Assignment instructions#

Work through the following assignment, making sure to follow all of the directions and answer all of the questions.

This assignment is due at 11:59pm on Friday, March 27, 2026

It should be uploaded into D2L Homework #3. Submission instructions can be found at the end of the notebook.

Table of Contents#

Part 0. Academic Integrity Statement (2 points)

Part 1. Reading, describing, and cleaning data (22 points)

Part 2. Exploratory Data Analysis and Data visualization (21 points)

Part 3. Fitting curves to data. (20 points)

Part 0. Academic integrity statement (2 points)#

Back to Top

In the markdown cell below, paste your personal academic integrity statement. By including this statement, you are confirming that you are submitting this as your own work and not that of someone else.

✎ Put your personal academic integrity statement here.

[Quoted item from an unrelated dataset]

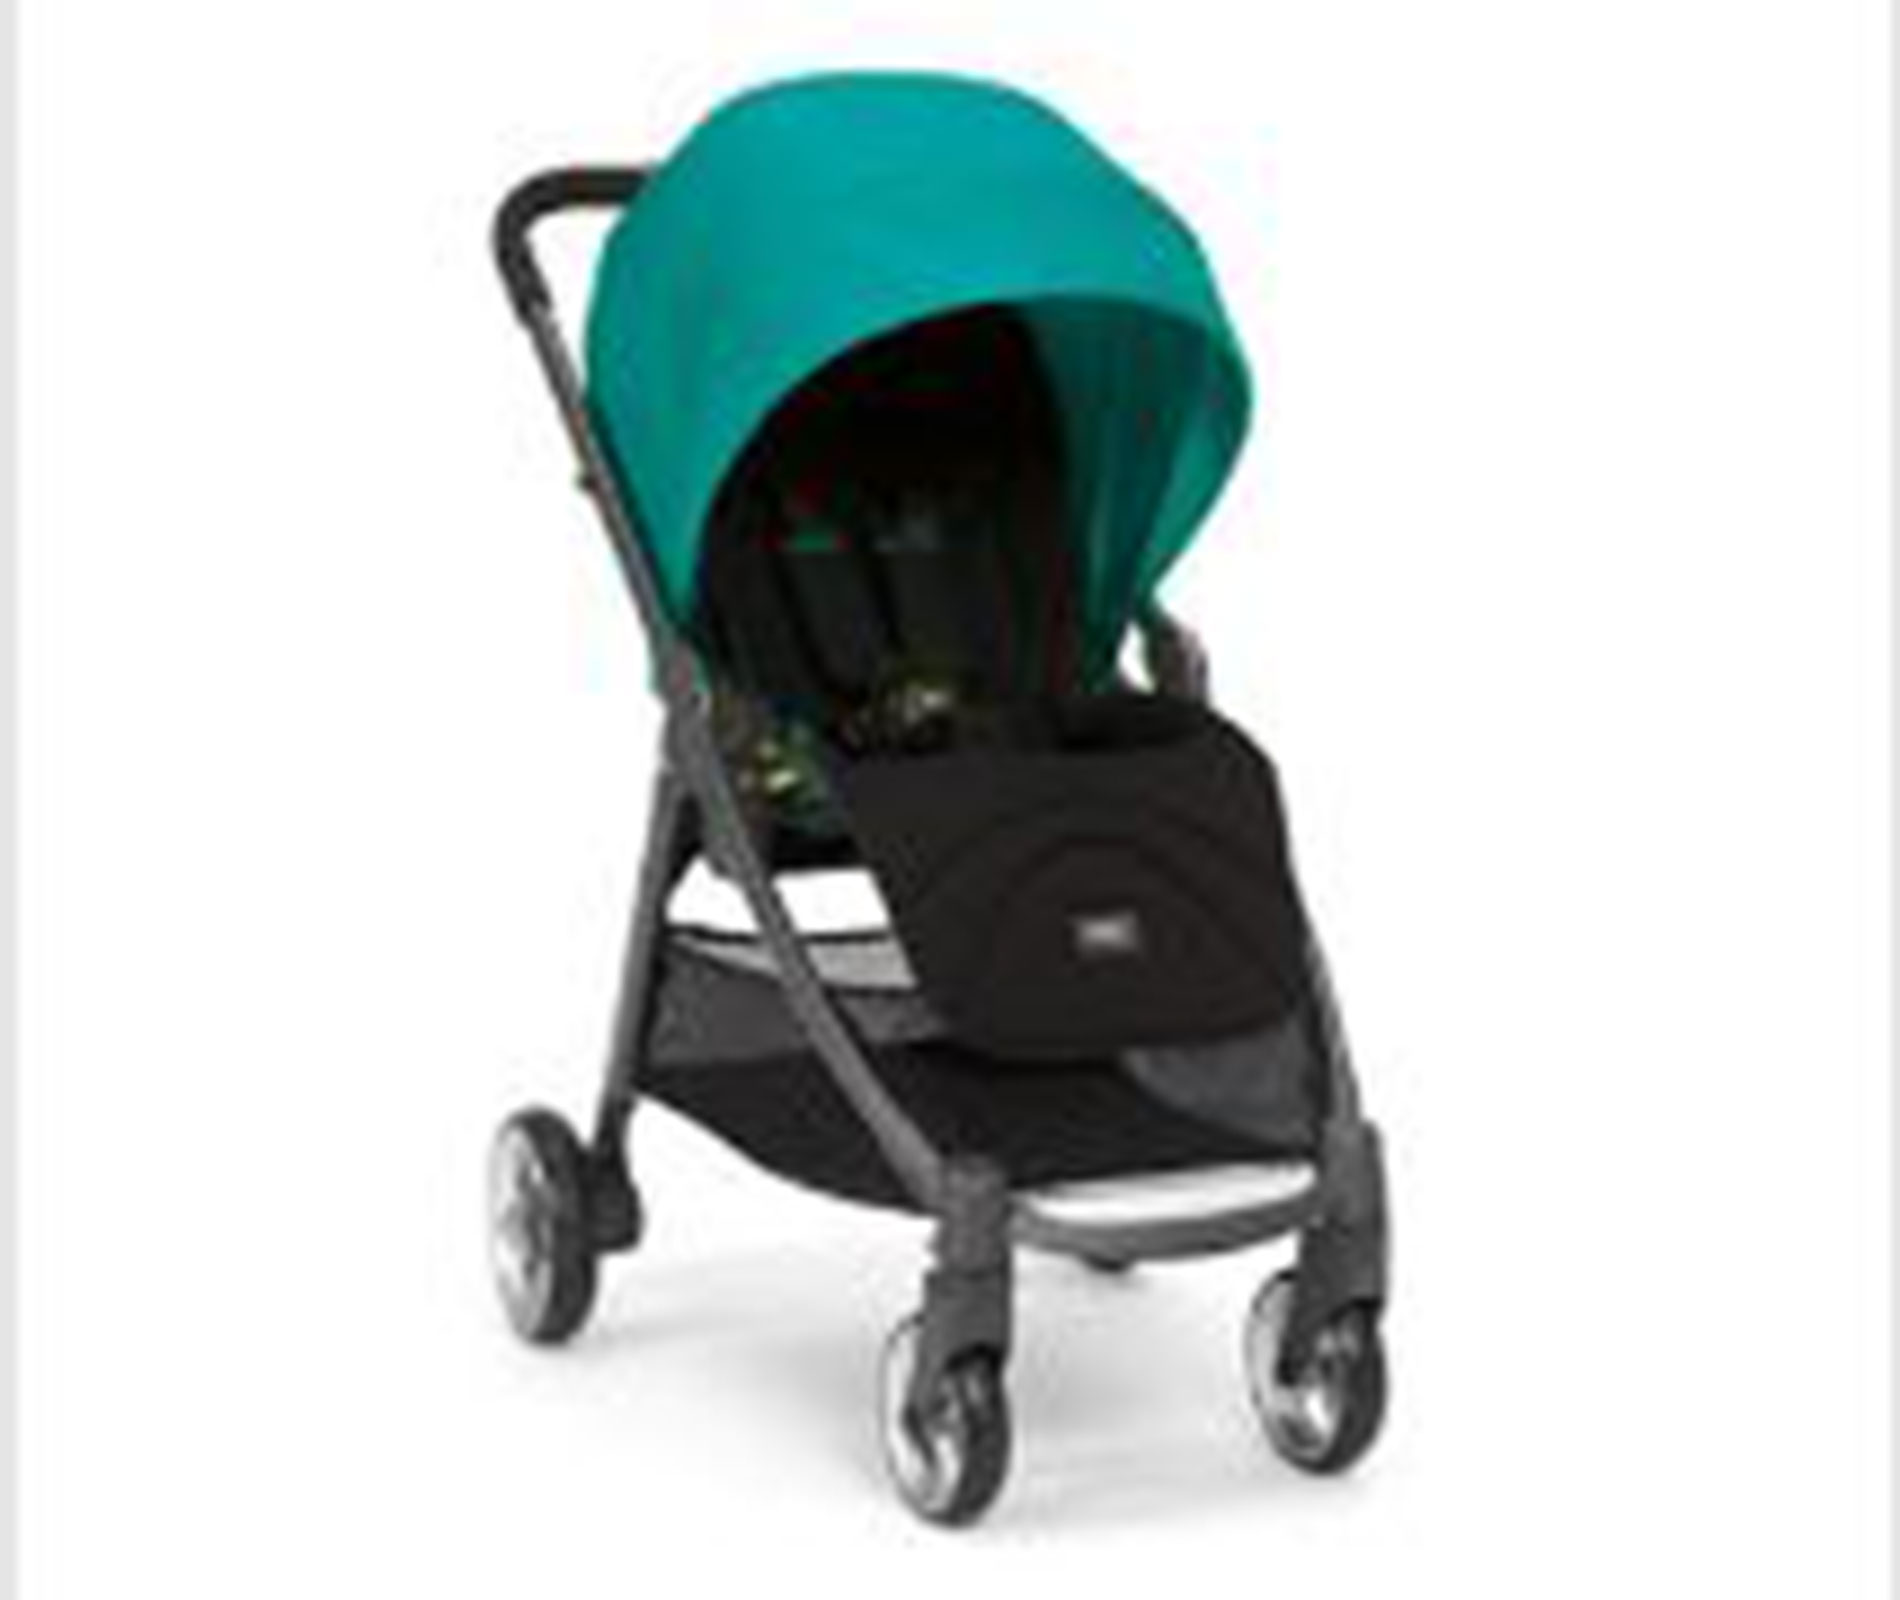 Product recall for faulty prams

Before we read in the data and begin working with it, let’s import the libraries that we would typically use for this task. You can always come back to this cell and import additional libraries that you need.

import pandas as pd
import matplotlib.pyplot as plt
import numpy as np
import math
from scipy.optimize import curve_fit

Part 1: Reading, describing, and cleaning data (22 total points)#

Back to Top

This year, a new special education abroad section of CMSE201 (Section 750, Coding across Cultures in San Miguel de Allende), will have returned from visiting Mexico after Spring Break, around the time that this homework will be released. Mexico recognizes 63 indigenous languages. By far, the largest of these languages is Nahuatl, with over 1.6 million speakers in Mexico. The name “Mexico” itself is derived from the mexica people, who established Tehochtitlan which is now Mexico City. Nahuatl and related languages are spoken throughout Mexico and spread all the way north into what is now the United States of America and all the way south to Central America.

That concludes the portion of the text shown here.